▶ What you are asked to do: Repeat each entry below exactly.

:: Data for this exercise ::

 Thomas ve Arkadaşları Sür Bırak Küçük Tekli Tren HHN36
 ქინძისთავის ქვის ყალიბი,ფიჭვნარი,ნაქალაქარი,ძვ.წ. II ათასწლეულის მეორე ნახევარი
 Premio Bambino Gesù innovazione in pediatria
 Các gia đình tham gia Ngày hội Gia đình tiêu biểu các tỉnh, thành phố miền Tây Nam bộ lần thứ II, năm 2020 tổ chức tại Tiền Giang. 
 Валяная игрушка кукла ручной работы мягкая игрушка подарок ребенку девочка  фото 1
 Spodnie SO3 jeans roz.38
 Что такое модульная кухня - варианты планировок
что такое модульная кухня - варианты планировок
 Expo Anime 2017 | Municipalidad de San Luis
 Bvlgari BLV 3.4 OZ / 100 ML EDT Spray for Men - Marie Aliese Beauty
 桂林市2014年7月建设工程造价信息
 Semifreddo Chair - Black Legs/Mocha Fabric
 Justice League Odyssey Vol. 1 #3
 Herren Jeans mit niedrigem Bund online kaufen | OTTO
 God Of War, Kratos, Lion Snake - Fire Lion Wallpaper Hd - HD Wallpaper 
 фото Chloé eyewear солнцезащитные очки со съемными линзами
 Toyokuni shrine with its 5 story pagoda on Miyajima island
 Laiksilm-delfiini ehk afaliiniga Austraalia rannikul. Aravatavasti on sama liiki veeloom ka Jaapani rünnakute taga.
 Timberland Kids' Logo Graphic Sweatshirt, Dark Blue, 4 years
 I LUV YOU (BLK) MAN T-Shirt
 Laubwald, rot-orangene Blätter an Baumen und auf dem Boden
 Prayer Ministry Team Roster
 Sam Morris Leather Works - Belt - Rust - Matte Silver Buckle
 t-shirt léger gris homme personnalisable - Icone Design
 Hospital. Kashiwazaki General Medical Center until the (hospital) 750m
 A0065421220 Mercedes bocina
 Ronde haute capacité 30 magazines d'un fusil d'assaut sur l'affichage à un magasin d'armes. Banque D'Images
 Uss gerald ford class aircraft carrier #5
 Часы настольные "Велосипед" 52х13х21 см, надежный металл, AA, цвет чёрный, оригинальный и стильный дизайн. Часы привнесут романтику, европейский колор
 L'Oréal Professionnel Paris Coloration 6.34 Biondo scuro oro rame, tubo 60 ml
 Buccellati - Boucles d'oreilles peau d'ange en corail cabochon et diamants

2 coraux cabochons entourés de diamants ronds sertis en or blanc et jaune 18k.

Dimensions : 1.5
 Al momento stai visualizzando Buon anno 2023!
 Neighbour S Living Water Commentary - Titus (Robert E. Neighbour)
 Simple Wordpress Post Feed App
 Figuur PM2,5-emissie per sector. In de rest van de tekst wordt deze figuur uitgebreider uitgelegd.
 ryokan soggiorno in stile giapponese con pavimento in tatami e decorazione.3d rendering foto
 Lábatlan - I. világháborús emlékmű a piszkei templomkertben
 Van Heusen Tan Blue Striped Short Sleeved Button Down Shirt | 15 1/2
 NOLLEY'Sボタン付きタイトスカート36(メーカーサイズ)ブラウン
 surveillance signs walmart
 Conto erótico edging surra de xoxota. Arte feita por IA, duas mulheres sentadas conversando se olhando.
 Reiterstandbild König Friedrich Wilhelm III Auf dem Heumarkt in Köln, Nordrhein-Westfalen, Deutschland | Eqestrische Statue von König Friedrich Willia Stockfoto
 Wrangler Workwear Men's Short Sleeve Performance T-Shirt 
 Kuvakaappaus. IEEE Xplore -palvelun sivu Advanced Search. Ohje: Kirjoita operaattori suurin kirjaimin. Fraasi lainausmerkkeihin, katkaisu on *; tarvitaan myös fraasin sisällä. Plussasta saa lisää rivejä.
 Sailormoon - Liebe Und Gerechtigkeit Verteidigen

:::

▶ Output of the exercise:
 Thomas ve Arkadaşları Sür Bırak Küçük Tekli Tren HHN36
 ქინძისთავის ქვის ყალიბი,ფიჭვნარი,ნაქალაქარი,ძვ.წ. II ათასწლეულის მეორე ნახევარი
 Premio Bambino Gesù innovazione in pediatria
 Các gia đình tham gia Ngày hội Gia đình tiêu biểu các tỉnh, thành phố miền Tây Nam bộ lần thứ II, năm 2020 tổ chức tại Tiền Giang. 
 Валяная игрушка кукла ручной работы мягкая игрушка подарок ребенку девочка  фото 1
 Spodnie SO3 jeans roz.38
 Что такое модульная кухня - варианты планировок
что такое модульная кухня - варианты планировок
 Expo Anime 2017 | Municipalidad de San Luis
 Bvlgari BLV 3.4 OZ / 100 ML EDT Spray for Men - Marie Aliese Beauty
 桂林市2014年7月建设工程造价信息
 Semifreddo Chair - Black Legs/Mocha Fabric
 Justice League Odyssey Vol. 1 #3
 Herren Jeans mit niedrigem Bund online kaufen | OTTO
 God Of War, Kratos, Lion Snake - Fire Lion Wallpaper Hd - HD Wallpaper 
 фото Chloé eyewear солнцезащитные очки со съемными линзами
 Toyokuni shrine with its 5 story pagoda on Miyajima island
 Laiksilm-delfiini ehk afaliiniga Austraalia rannikul. Aravatavasti on sama liiki veeloom ka Jaapani rünnakute taga.
 Timberland Kids' Logo Graphic Sweatshirt, Dark Blue, 4 years
 I LUV YOU (BLK) MAN T-Shirt
 Laubwald, rot-orangene Blätter an Baumen und auf dem Boden
 Prayer Ministry Team Roster
 Sam Morris Leather Works - Belt - Rust - Matte Silver Buckle
 t-shirt léger gris homme personnalisable - Icone Design
 Hospital. Kashiwazaki General Medical Center until the (hospital) 750m
 A0065421220 Mercedes bocina
 Ronde haute capacité 30 magazines d'un fusil d'assaut sur l'affichage à un magasin d'armes. Banque D'Images
 Uss gerald ford class aircraft carrier #5
 Часы настольные "Велосипед" 52х13х21 см, надежный металл, AA, цвет чёрный, оригинальный и стильный дизайн. Часы привнесут романтику, европейский колор
 L'Oréal Professionnel Paris Coloration 6.34 Biondo scuro oro rame, tubo 60 ml
 Buccellati - Boucles d'oreilles peau d'ange en corail cabochon et diamants

2 coraux cabochons entourés de diamants ronds sertis en or blanc et jaune 18k.

Dimensions : 1.5
 Al momento stai visualizzando Buon anno 2023!
 Neighbour S Living Water Commentary - Titus (Robert E. Neighbour)
 Simple Wordpress Post Feed App
 Figuur PM2,5-emissie per sector. In de rest van de tekst wordt deze figuur uitgebreider uitgelegd.
 ryokan soggiorno in stile giapponese con pavimento in tatami e decorazione.3d rendering foto
 Lábatlan - I. világháborús emlékmű a piszkei templomkertben
 Van Heusen Tan Blue Striped Short Sleeved Button Down Shirt | 15 1/2
 NOLLEY'Sボタン付きタイトスカート36(メーカーサイズ)ブラウン
 surveillance signs walmart
 Conto erótico edging surra de xoxota. Arte feita por IA, duas mulheres sentadas conversando se olhando.
 Reiterstandbild König Friedrich Wilhelm III Auf dem Heumarkt in Köln, Nordrhein-Westfalen, Deutschland | Eqestrische Statue von König Friedrich Willia Stockfoto
 Wrangler Workwear Men's Short Sleeve Performance T-Shirt 
 Kuvakaappaus. IEEE Xplore -palvelun sivu Advanced Search. Ohje: Kirjoita operaattori suurin kirjaimin. Fraasi lainausmerkkeihin, katkaisu on *; tarvitaan myös fraasin sisällä. Plussasta saa lisää rivejä.
 Sailormoon - Liebe Und Gerechtigkeit Verteidigen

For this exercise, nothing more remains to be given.